The filling station proprietor came out, leisurely. A cat accompanied him. The professor got out of the car and nodded briskly. She could see the phone. She went inside, fumbling in the pockets of her breeches for coins. The Monster lay on the floor of the car, panting. The filling station operator said humorously:

“Seen any more ha’nts?”

Burke said primly: “Hell! I didn’t say I saw anything! Y’ can’t see ’em! They’ll move danglin’ strings, an’ they make noises, an’ they’ll make tracks in flour sprinkled over a buried dead chicken. But y’ can’t see ’em!”

Lane and Carol exchanged startled glances. Then Lane’s face went expressionless. He could see Professor Warren inside the plate-glass window of the filling station. She put coins into the instrument.

“When I see ’em,” said Sam, “I’ll think about believin’ in ’em.”

Professor Warren greeted someone on the telephone. She began to speak, crisply and with authority, into the instrument. She evidently spoke with great precision and with scientific terminology.

“They’ve been killin’ things,” said Burke sagely. “They’re what’s killed off the game people’ve been talkin’ about. They killed those cows in the courthouse a while back.”

Sam said humorously: “They ain’t killed me yet.”

“They’ll get to you,” said Burke firmly. “They’ve been leavin’ us humans alone—so far. I’m not stayin’ around till they start killin’ people. I’m gettin’ out.”

“Scared?” asked Sam incredulously. “Scared of something you can’t see?”

“Yep,” said Burke. “I’m scared of anything I can’t fight. And how’re you goin’ to fight somethin’ you can’t see?”

Inside the station, Professor Warren’s expression turned to one of shock, her face bewildered and crimsoning. Then she bellowed infuriatedly into the transmitter. A sound came through the plate glass. It was the professor’s voice, expressing a violently disparaging opinion of the person at the other end of the line. Then she stopped and jiggled the hook furiously. She slammed down the receiver and came out, raging.

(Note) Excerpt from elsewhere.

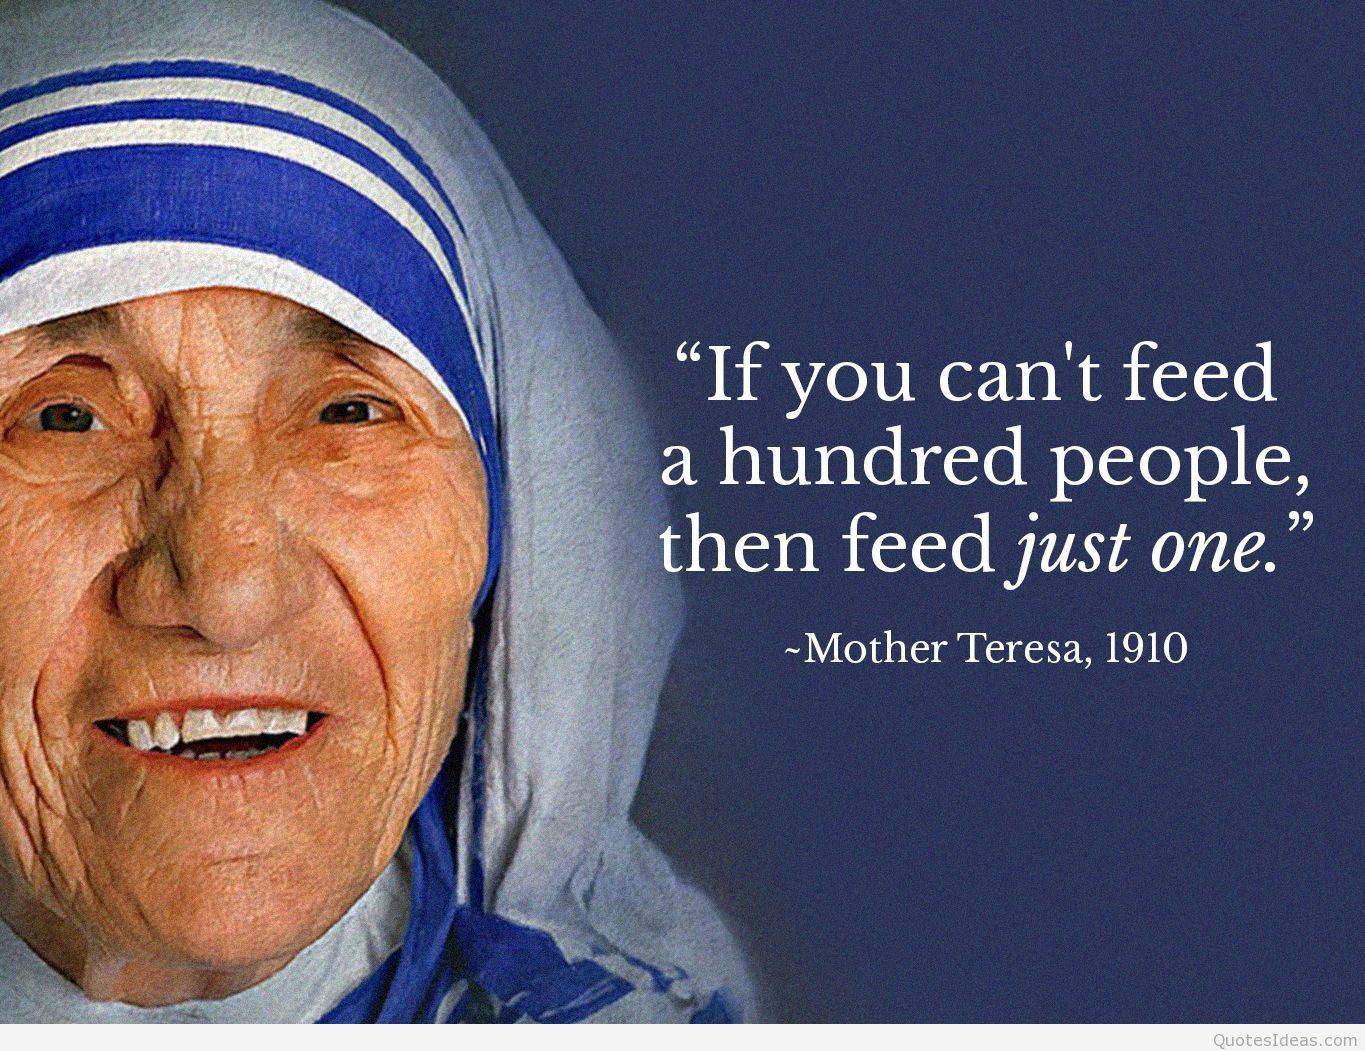 Best Mother Teresa quotes sayings with pics image
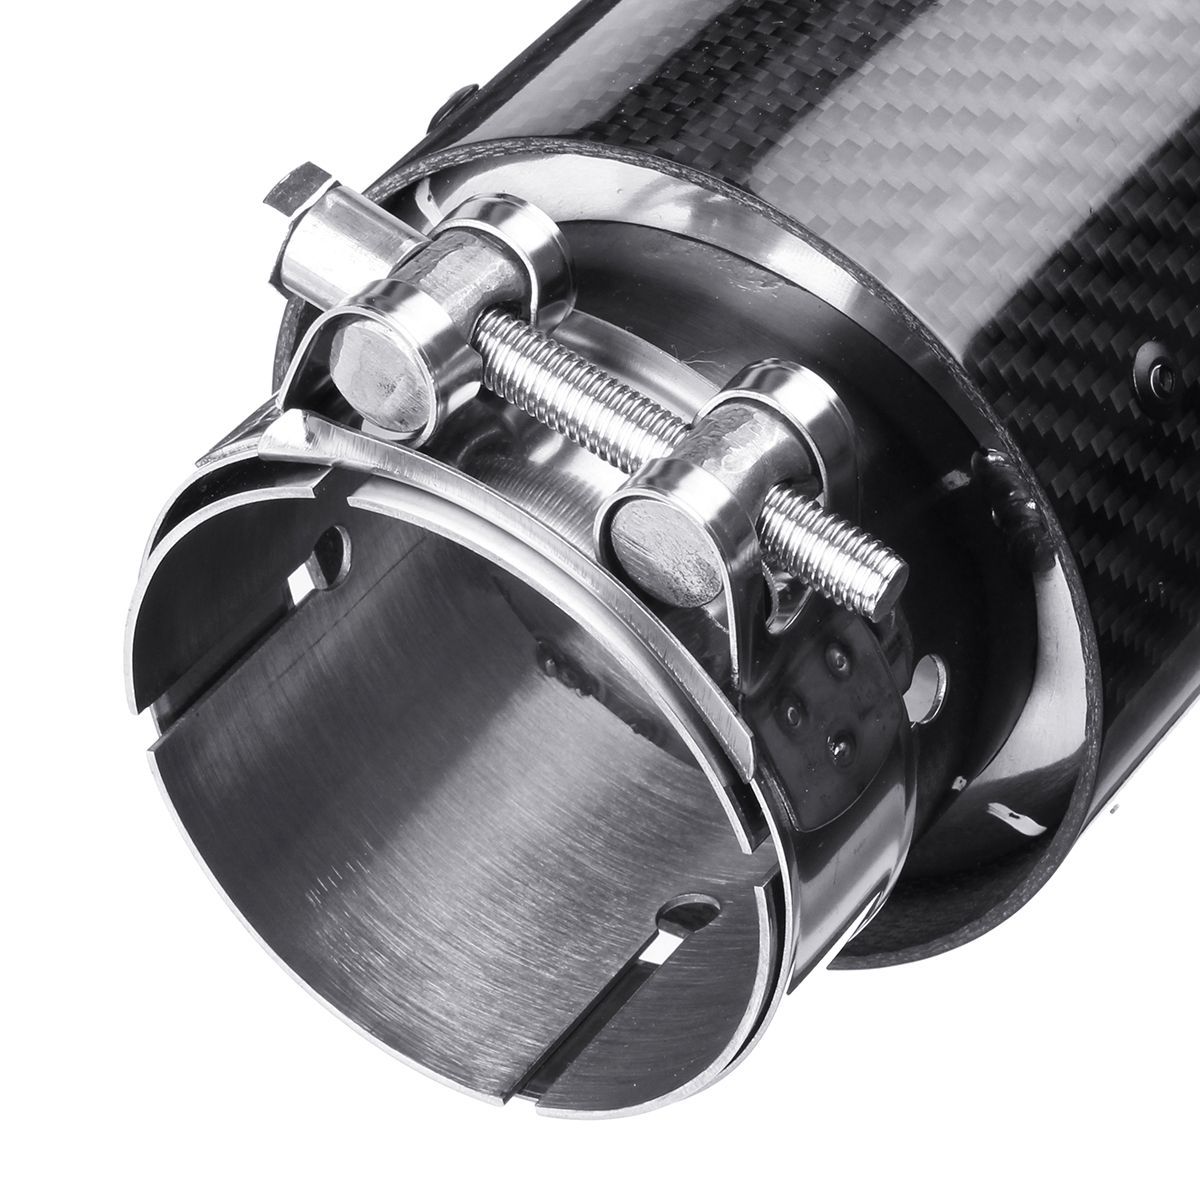 76MM-101MM-Outlet-Car-Carbon-Fiber-Stainless-Steel-Car-Rear-Exhaust-Tip-Pipe-Muffler-Adapter-Reducer-1681982

“Idiot!” she barked. “Lunatic! Fool! Imbecile! He pretends to think I’m joking and says it’s bad taste to get him out of bed to listen to a joke! He hung up on me! He says he’s going to complain to the dean!”

She stamped her feet, ready to weep from pure frustration. But at this instant the Monster whimpered. Then he yelped. Then he screamed, and tried to burrow beneath one of the seats of the car. He scratched desperately to make a place to hide, while he howled ever more shrilly and horribly.

By instinct, Lane swept his eyes about as his hand went to the two-gallon gasoline can which so far he had not used at all. Carol gasped and pointed.

Back along the dirt road on which the car had come to this place, there was a cloudlike stirring of the air. Over the top of the growing corn they saw a great movement of dust. At first glance—but only at first—it looked as if another car were on the way here. But this dust cloud was larger than a car could raise, and it was not stirred up to float and then settle back again. This cloud moved as a unit, and it did not merely sweep along the highway. It rolled. It was a monstrous ball of airborne reddish powder which rolled swiftly and terribly onward, at the height of a six-story building. It was unnatural. It was artificial. It was organized. It was horribly, terribly purposeful.